I shall be voting for Labour. I like and respect Wilson greatly, he kept us out of Vietnam and the EEC and I think that the country needs time to modernise further. The government should also be given plaudits for legalising homosexuality and abortion, I simply don't trust the Tories on social issues.

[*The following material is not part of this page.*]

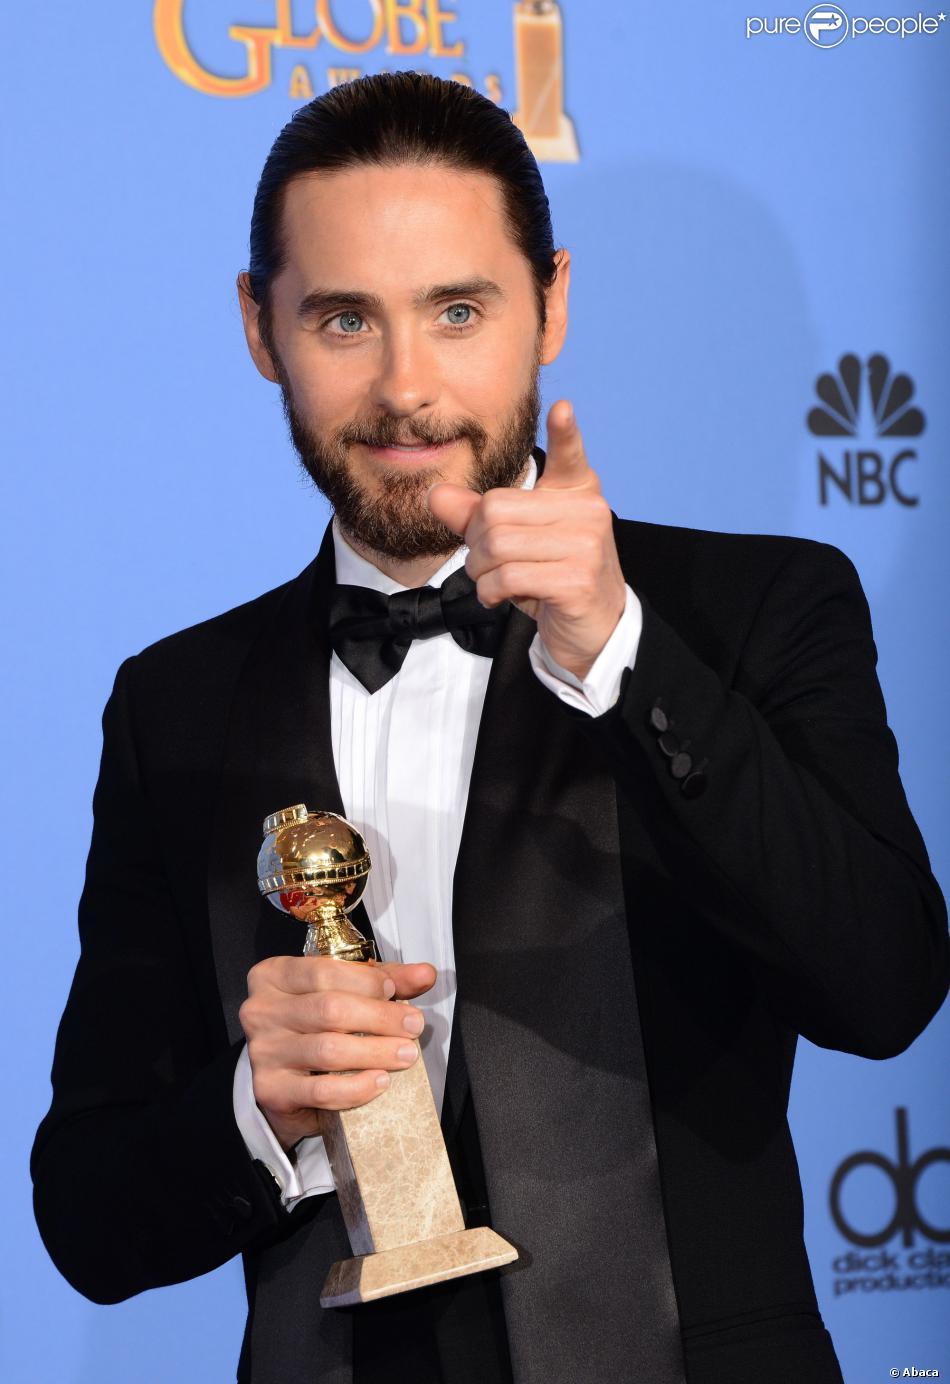 Jared Leto aux Golden Globe Awards le 12 janvier 2014.

Also, Heath is a lightweight and a totally unprincipled Europhile, I rather like him on a personal level but he simply doesn't look Prime Ministerial to me, hopefully he'll lose, resign and the Conservatives can get a proper leader by the end of the year, someone like Macleod or Whitelaw.
 
I'm voting Liberal myself- though a (Powellite) Tory, I see only an echo, not a choice. I disagree with Heath on everything. Not just domestic policy, but parodiable Europhilia, knee-jerk Amerophobia and distaste for the Commonwealth.
 
I shall be voting for Labour. I like and respect Wilson greatly, he kept us out of Vietnam and the EEC and I think that the country needs time to modernise further. The government should also be given plaudits for legalising homosexuality and abortion, I simply don't trust the Tories on social issues.

Also, Heath is a lightweight and a totally unprincipled Europhile, I rather like him on a personal level but he simply doesn't look Prime Ministerial to me, hopefully he'll lose, resign and the Conservatives can get a proper leader by the end of the year, someone like Macleod or Whitelaw.

OOC: Roem, he makes Gordon Brown or Mrs. T. look warm and cuddly in comparison. :confused:
 
Going with Wilson. While I lean away from Labour as a political party, Wilson is a pretty canny politician and quite frankly anyone is better than Heath in 10 Downing Street.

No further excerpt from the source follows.